Predictive_Modeling(Cross validation전)

Predictive Modeling

• Logistic Regression

• Support Vector Machines(Linear and radial)

• Random Forest

• K-Nearest Neighbours

• Naive Bayes

• Decision Tres

필요한 라이브러 설치 및 학습 과 훈련 데이터 나누기

#importing all the required ML packages
from sklearn.linear_model import LogisticRegression #logistic regression
from sklearn import svm #support vector Machine
from sklearn.ensemble import RandomForestClassifier #Random Forest
from sklearn.neighbors import KNeighborsClassifier #KNN
from sklearn.naive_bayes import GaussianNB #Naive bayes
from sklearn.tree import DecisionTreeClassifier #Decision Tree
from sklearn.model_selection import train_test_split #training and testing data split
from sklearn import metrics #accuracy measure
from sklearn.metrics import confusion_matrix #for confusion matrix

train,test=train_test_split(data,test_size=0.3,random_state=0,stratify=data['Survived'])
train_X=train[train.columns[1:]]
train_Y=train[train.columns[:1]]
test_X=test[test.columns[1:]]
test_Y=test[test.columns[:1]]
X=data[data.columns[1:]]
Y=data['Survived']

Radial Support Vector Machines(rbf-SVM)

model=svm.SVC(kernel='rbf',C=1,gamma=0.1)
model.fit(train_X,train_Y)
prediction1=model.predict(test_X)
print('Accuracy for rbf SVM is ',metrics.accuracy_score(prediction1,test_Y))
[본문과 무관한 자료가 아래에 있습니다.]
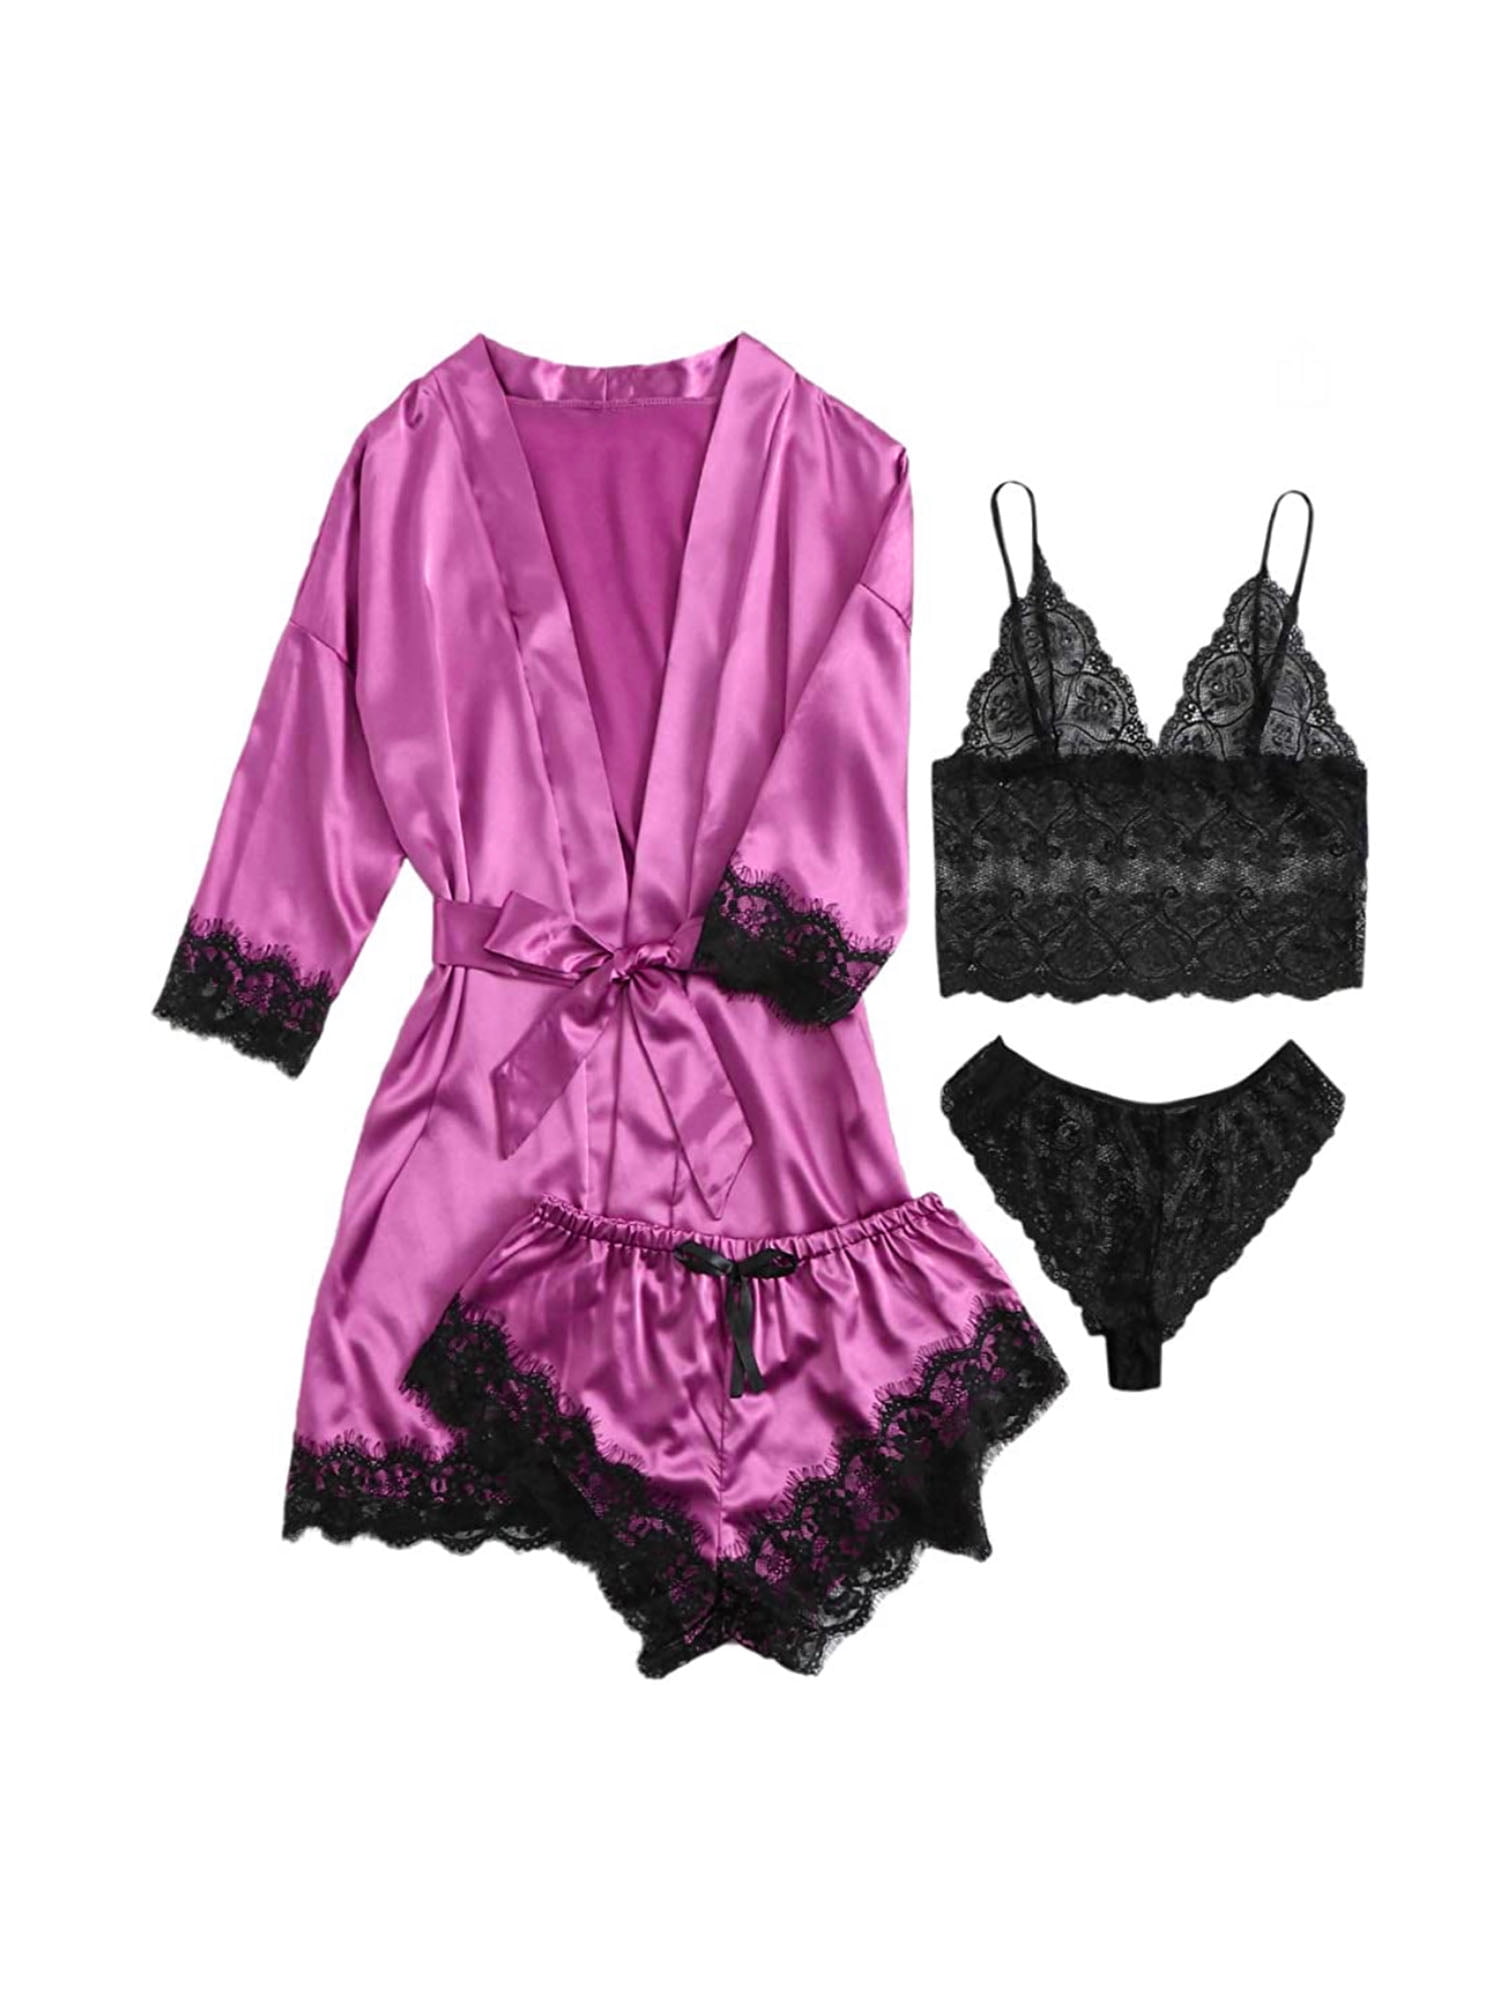 LSFYSZD Women Sexy-Lingerie Sleepwear, Satin Silk Babydoll Lace Nightwear,  Sexy Pajamas Set

Linear Support Vector Machine(linear-SVM)

model=svm.SVC(kernel='linear', C=0.1,gamma=0.1)
model.fit(train_X,train_Y)
prediction2=model.predict(test_X)
print('Accuracy for linear SVM is', metrics.accuracy_score(prediction2,test_Y))

Logistic Regression

model = LogisticRegression()
model.fit(train_X,train_Y)
prediction3=model.predict(test_X)
print('The accuracy of the Logistic Regression is', metrics.accuracy_score(prediction3,test_Y))

Decision Tree

model=DecisionTreeClassifier()
model.fit(train_X,train_Y)
prediction4=model.predict(test_X)
print('The accuracy of the Decision Tree is',metrics.accuracy_score(prediction4,test_Y))

K-Nearest Neighbours(KNN)

model=KNeighborsClassifier()
model.fit(train_X,train_Y)
prediction5=model.predict(test_X)
print('The accuracy of the KNN is', metrics.accuracy_score(prediction5,test_Y))

a_index=list(range(1,11))
a=pd.Series()
x=[0,1,2,3,4,5,6,7,8,9,10]
for i in list(range(1,11)):
    model=KNeighborsClassifier(n_neighbors=i) 
    model.fit(train_X,train_Y)
    prediction=model.predict(test_X)
    a=a.append(pd.Series(metrics.accuracy_score(prediction,test_Y)))
plt.plot(a_index, a)
plt.xticks(x)
fig=plt.gcf()
fig.set_size_inches(12,6)
plt.show()
print('Accuracies for different values of n are:',a.values,'with the max value as ',a.values.max())

Gaussian Navie Bayes

model=GaussianNB()
model.fit(train_X,train_Y)
prediction6=model.predict(test_X)
print('The accuracy of the NaiveBayes is', metrics.accuracy_score(prediction6, test_Y))

Random Forests

model=RandomForestClassifier(n_estimators=100)
model.fit(train_X,train_Y)
prediction7=model.predict(test_X)
print('The accuracy of the Random Forests is ', metrics.accuracy_score(prediction7,test_Y))